© 2005 Oxford University Press
EDITORIAL |
An Apple a Day...Does It Really Keep the Doctor Away? The Current State of Cancer Chemoprevention
Affiliation of authors: Department of Thoracic/Head and Neck Medical Oncology, The University of Texas M. D. Anderson Cancer Center, Houston, Texas
Correspondence to: Edward S. Kim, MD, Department of Thoracic/Head and Neck Medical Oncology, The University of Texas M. D. Anderson Cancer Center, 1515 Holcombe Blvd, Box 432, Houston, TX 77030 (e-mail: edkim@mdanderson.org).

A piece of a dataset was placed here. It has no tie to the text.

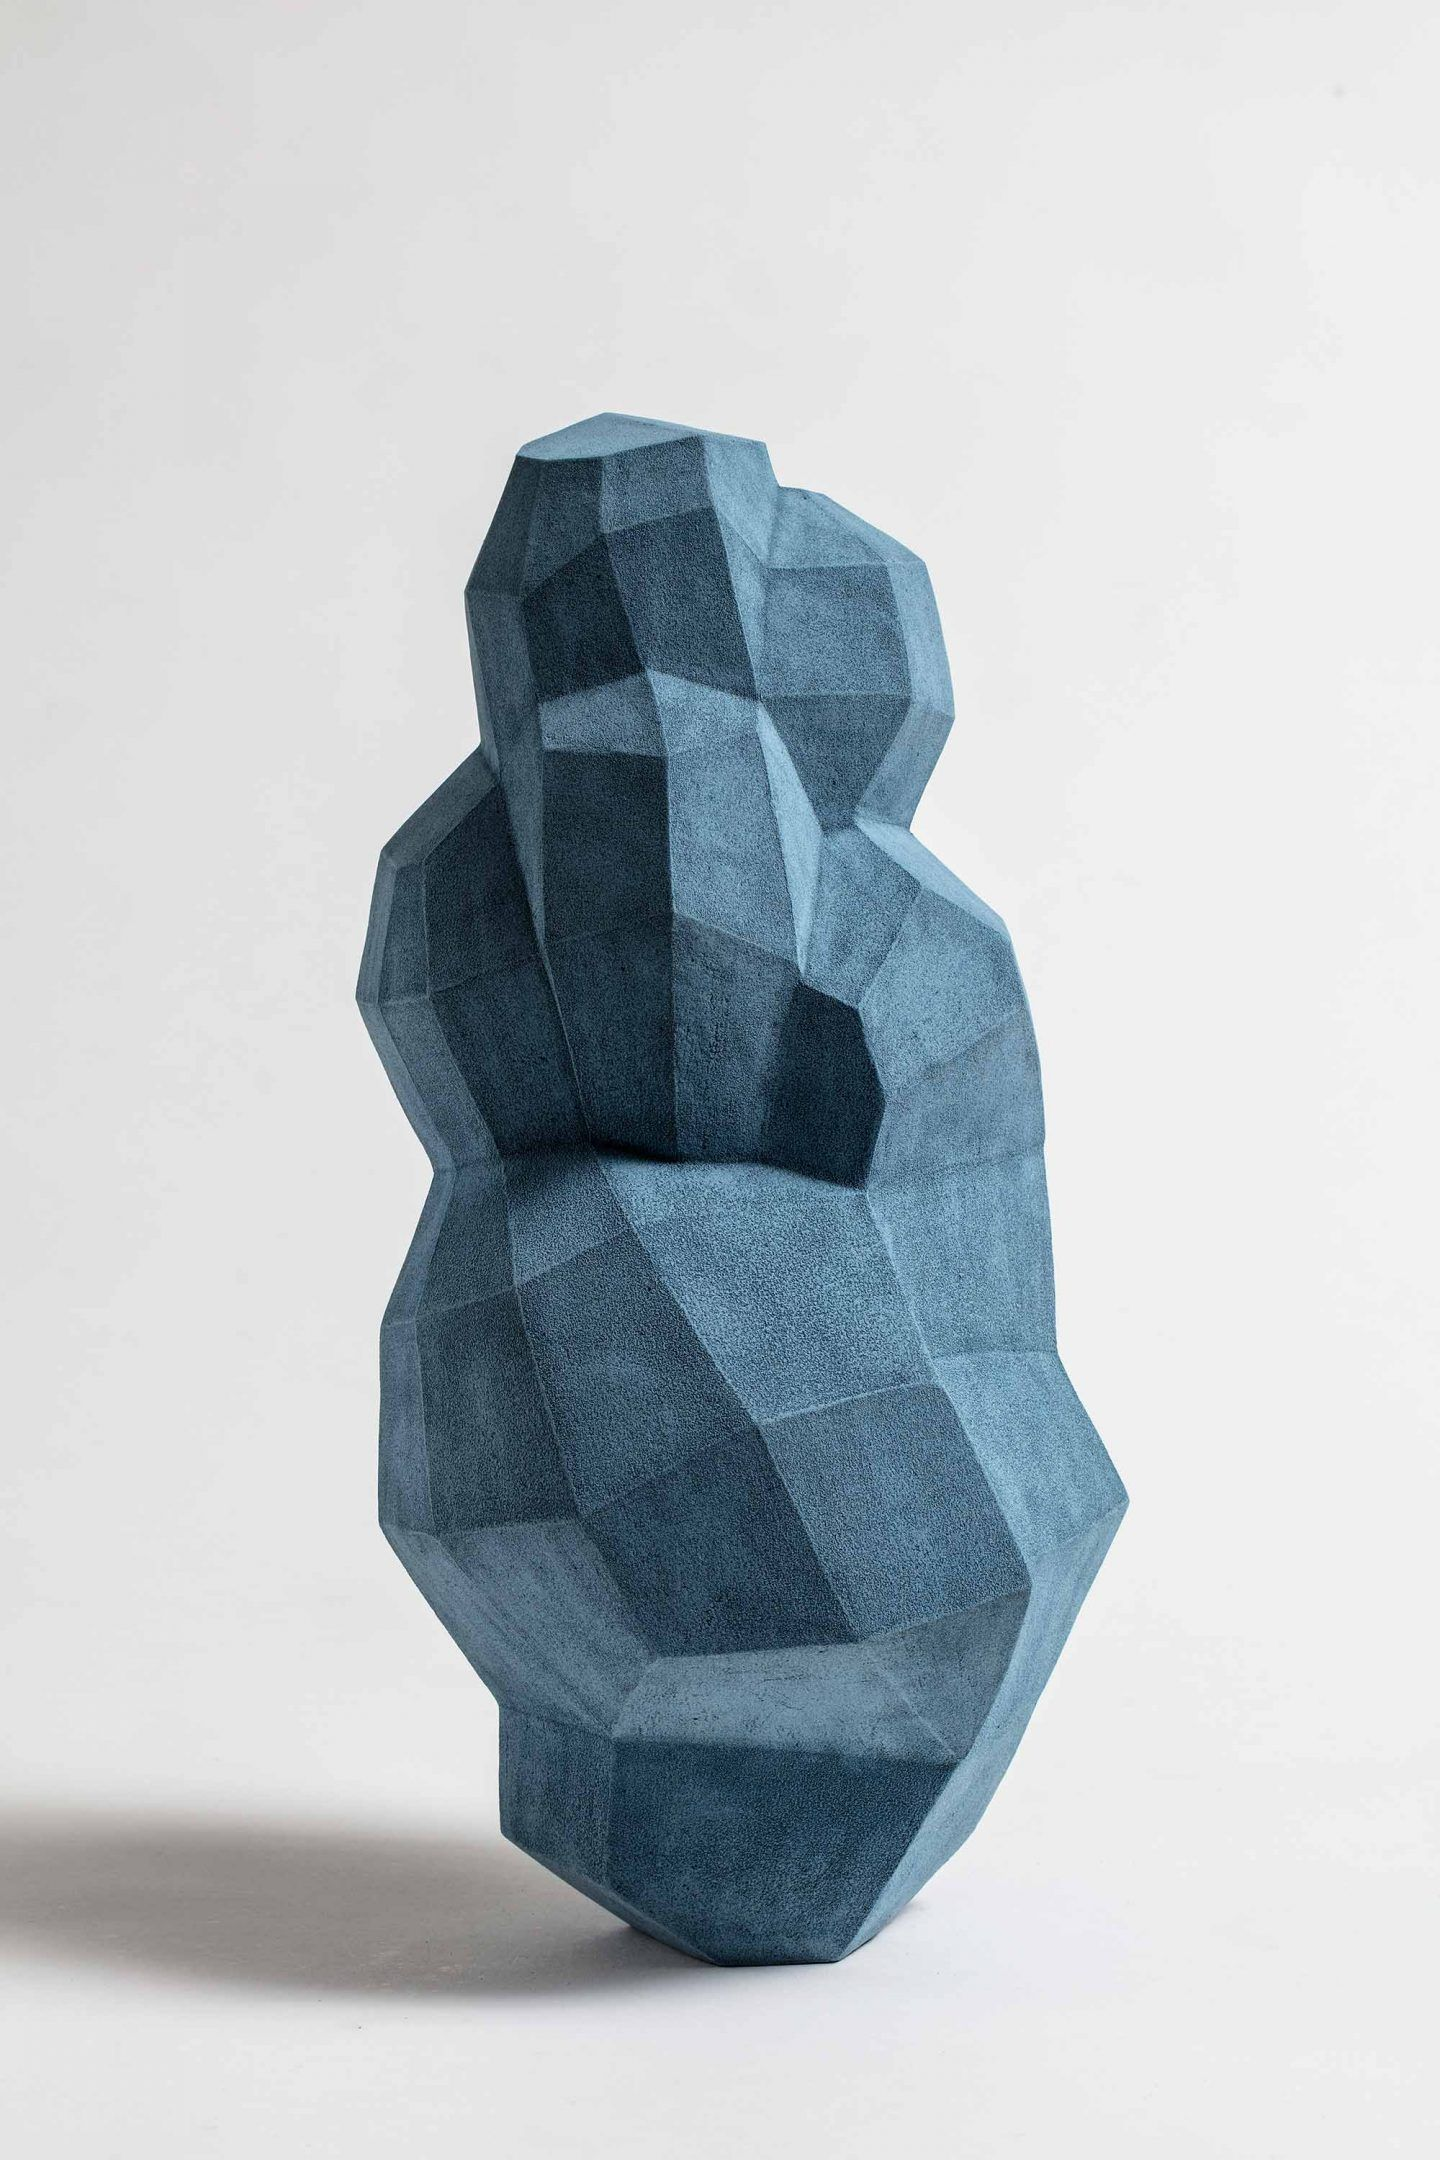 IGNANT-Design-Turi-Heisselberg-New-09

| The first 150 words of the full text of this article appear below. |
The use of natural agents as medicinal treatments has a long history. The Greek physician Hippocrates (circa 400 BCE) was one of the earliest proponents of nutritional healing. His favorite remedies were apples, dates, and barley mush (1). The term "chemoprevention," which was coined in 1976 (2), describes the use of specific natural, synthetic, or biologic agents to reverse, suppress, or prevent the development of disease.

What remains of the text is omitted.